In 2005, Mr. Robbins pledged 1.4 million of his shares of Mannatech common stock to Triangle Equities, which has since been placed in receivership along with related entities, as a result of an action filed by the U.S. Securities and Exchange Commission (SEC). The SEC and the receiver allege Triangle Equities was part of a fraudulent stock–based loan scheme in which it would fraudulently liquidate stock pledged by borrowers such as Mr. Robbins. In a related matter, Triangle Equities Director Michael Spillan was recently indicted for securities violations as a result of such loan program.

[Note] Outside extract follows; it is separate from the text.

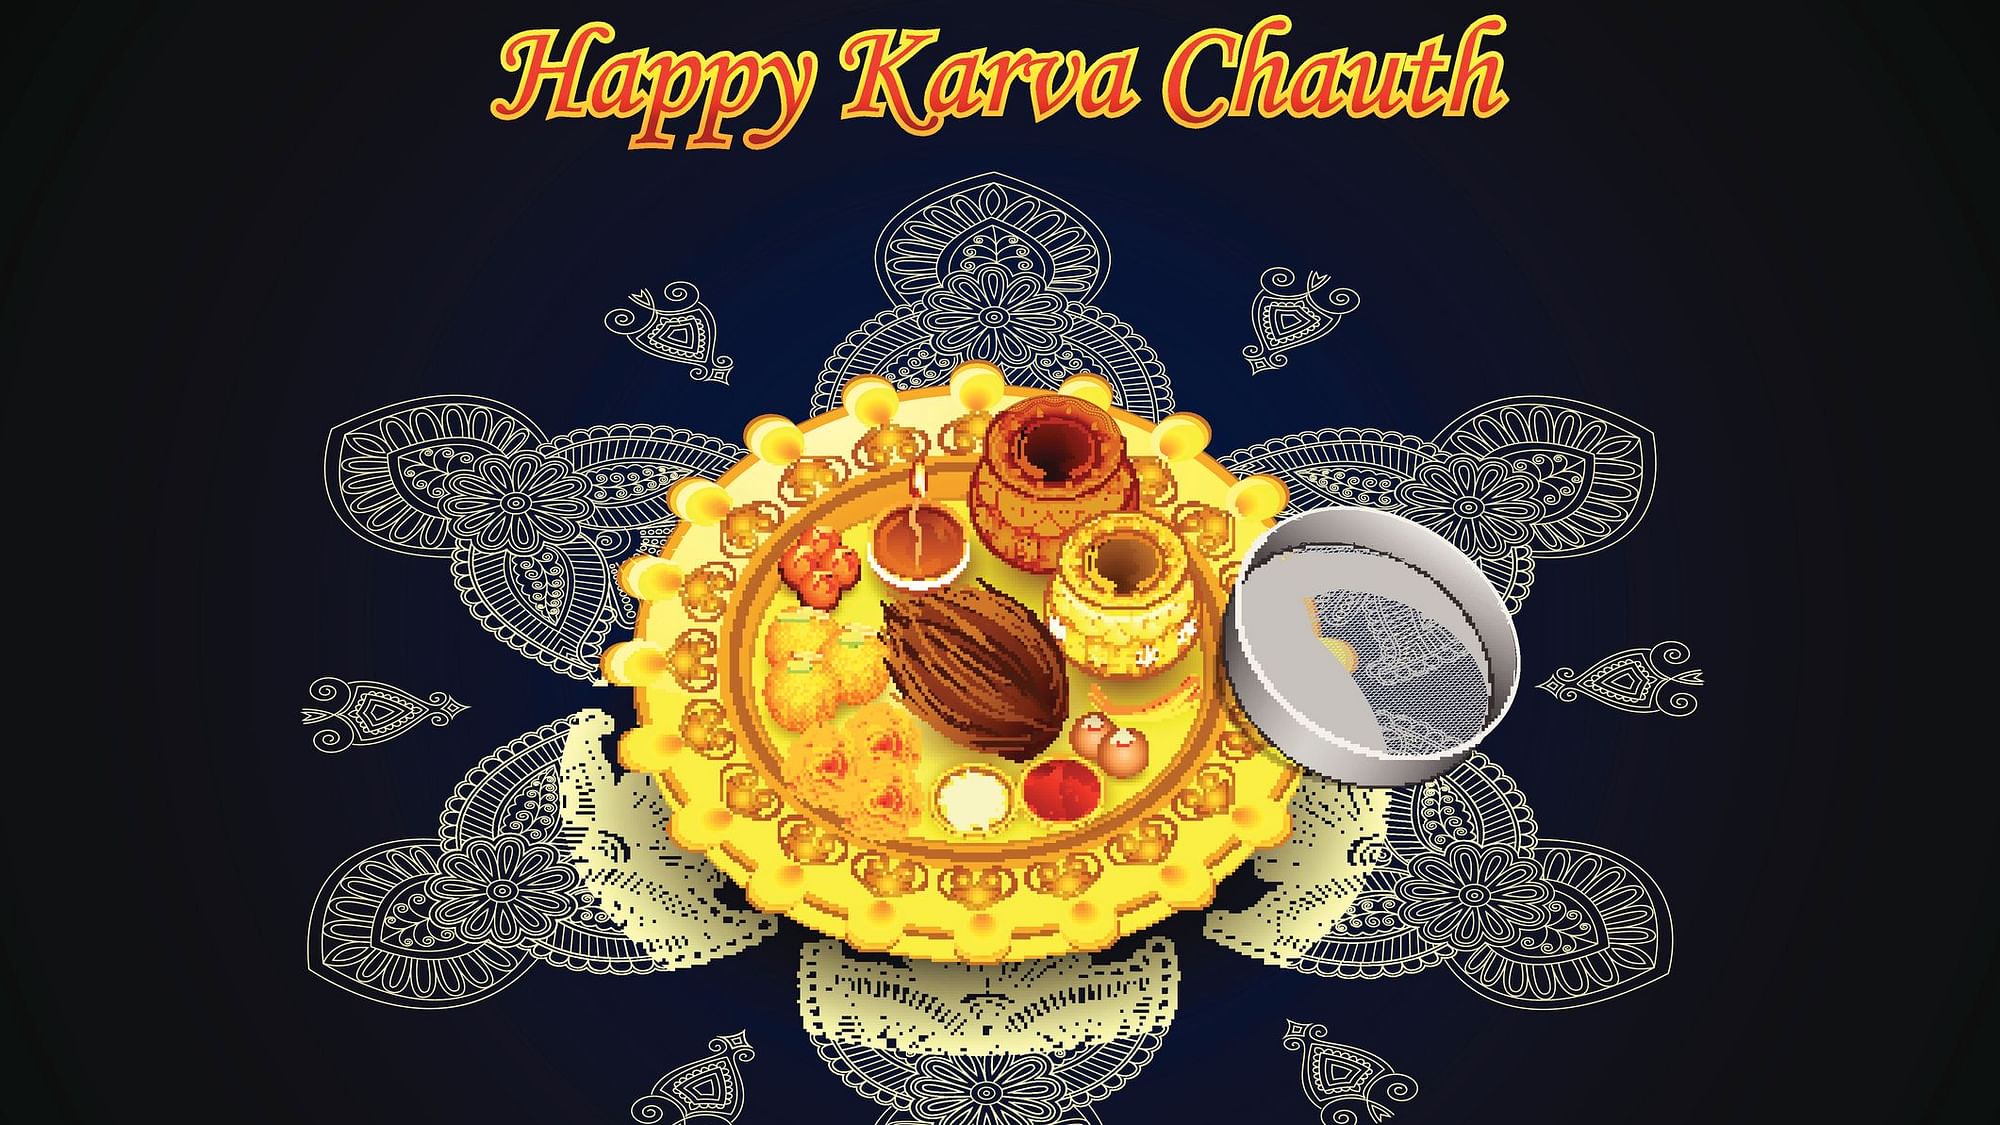 Happy Karwa Chauth 2020 wishes for husbands and wives.

Given a recent court filing by the receiver proposing to resolve the outstanding claims of the borrowers, including Mr. Robbins, against Triangle Equities, it appears unlikely that Triangle Equities still holds the shares or that Mr. Robbins will regain possession of the shares which were pledged to Triangle Equities. The allegations of the receiver will be heard by the court in the receivership on June 28, 2011.

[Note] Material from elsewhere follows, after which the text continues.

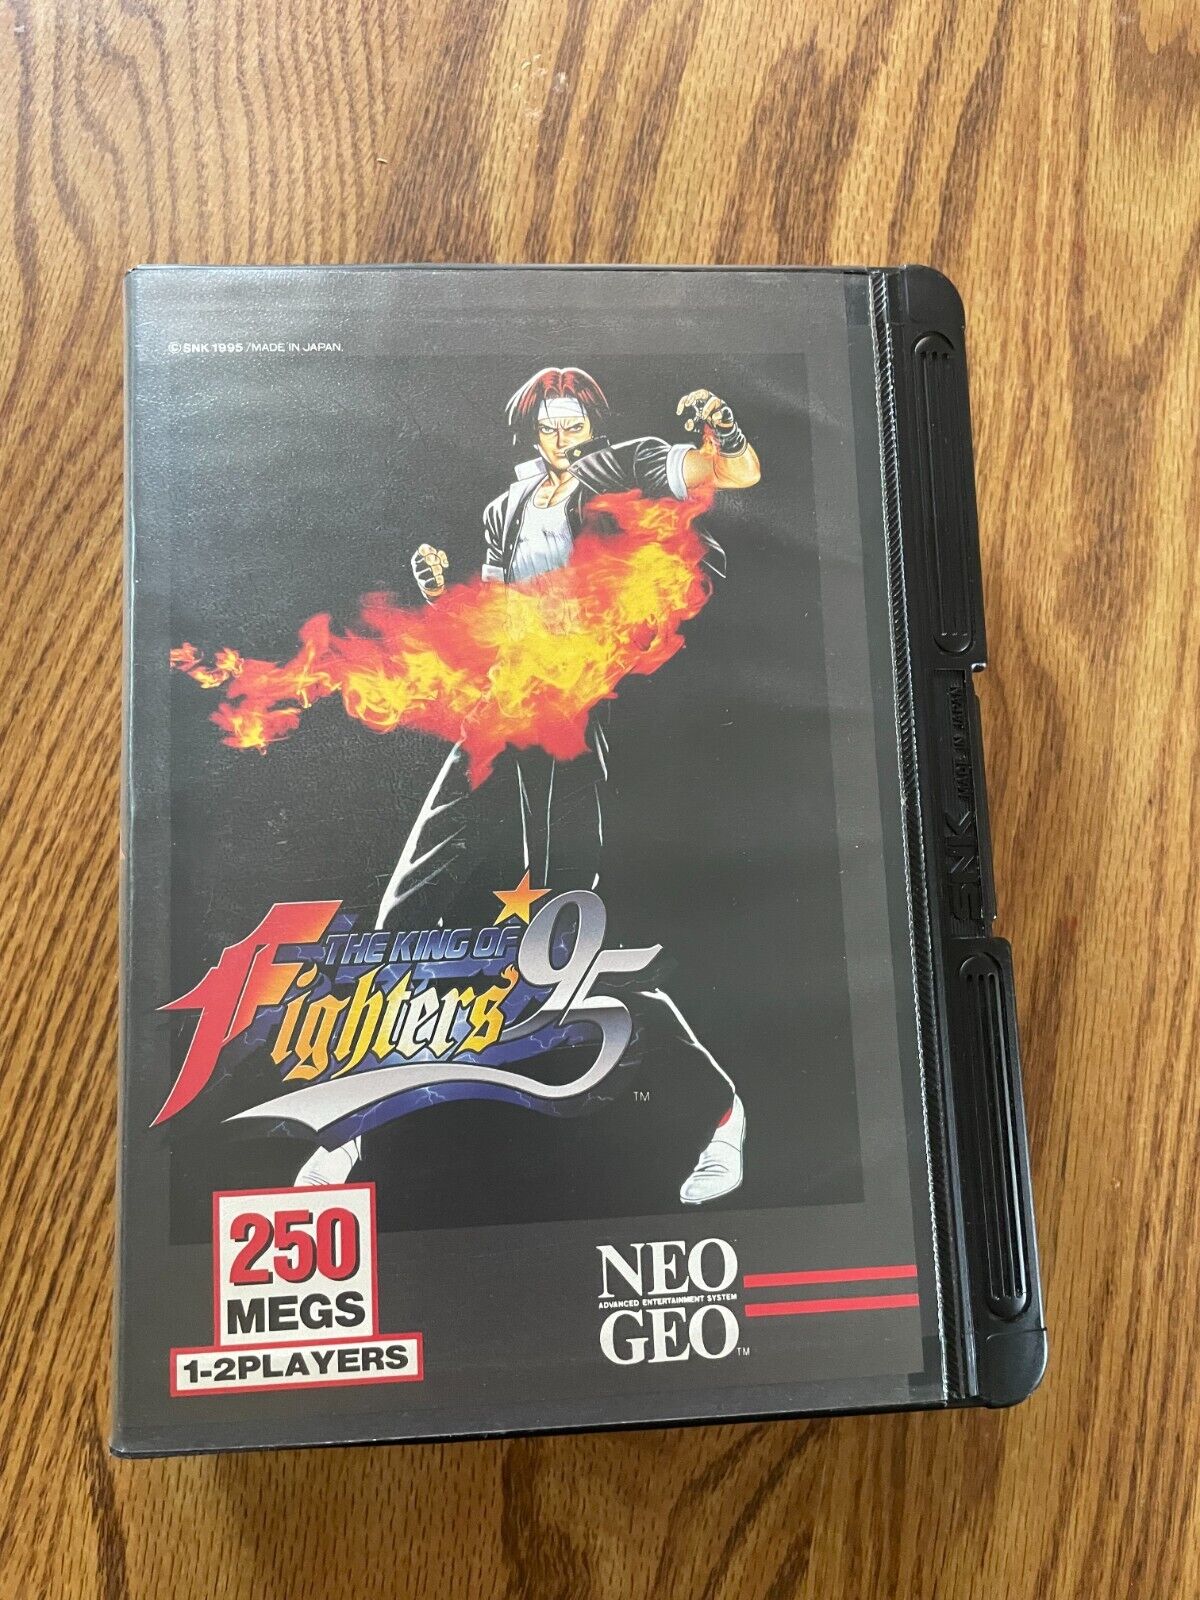 Neo Geo THE KING OF FIGHTERS 95 AES - Complete US Version

“Mr. Robbins continues as a significant Mannatech shareholder, to act as a great spokesperson for Mannatech, build his Mannatech business, and act as a mentor to all independent Associates,” said Co-CEO and Chief Financial Officer Steve Fenstermacher. “His dedication to our company, social entrepreneurship and integrative health will be instrumental to Mannatech’s current business as well as our continuing expansion into new markets, along with his leadership for all independent Associates intent upon making a difference in our world.”
 
For more information, please refer to the Company's filings on the SEC website at www.sec.gov.
 
About Mannatech
Mannatech, Incorporated, develops high-quality health, weight and fitness, and skin care products that are based on the solid foundation of nutritional science and development standards. Mannatech is dedicated to its platform of Social Entrepreneurship based on the foundation of promoting, aiding and optimizing nutrition where it is needed most around the world. Mannatech’s proprietary products are available through independent sales Associates around the globe including the United States, Canada, South Africa, Australia, New Zealand, Austria, Denmark, Germany, Norway, Sweden, the Netherlands, the United Kingdom, Japan, Taiwan, Singapore, the Republic of Korea and Mexico. For more information, visit Mannatech.com.

Please note: This release contains “forward-looking statements” within the meaning of Section 27A of the Securities Act of 1933, as amended, Section 21E of the Securities Exchange Act of 1934, as amended, and the Private Securities Litigation Reform Act of 1995. These forward-looking statements generally can be identified by use of phrases or terminology such as “intend” or other similar words or the negative of such terminology. Similarly, descriptions of Mannatech’s objectives, strategies, plans, goals or targets contained herein are also considered forward-looking statements. Mannatech believes this release should be read in conjunction with all of its filings with the United States Securities and Exchange Commission and cautions its readers that these forward-looking statements are subject to certain events, risks, uncertainties and other factors. Some of these factors include, among others, Mannatech’s inability to attract and retain Associates and Members, increases in competition, litigation, regulatory changes and its planned growth into new international markets. Although Mannatech believes that the expectations, statements and assumptions reflected in these forward-looking statements are reasonable, it cautions readers to always consider all of the risk factors and any other cautionary statements carefully in evaluating each forward-looking statement in this release, as well as those set forth in its latest Annual Report on Form 10-K and Quarterly Report on Form 10-Q, and other filings filed with the United States Securities and Exchange Commission, including its current reports on Form 8-K. All of the forward-looking statements contained herein speak only as of the date of this release.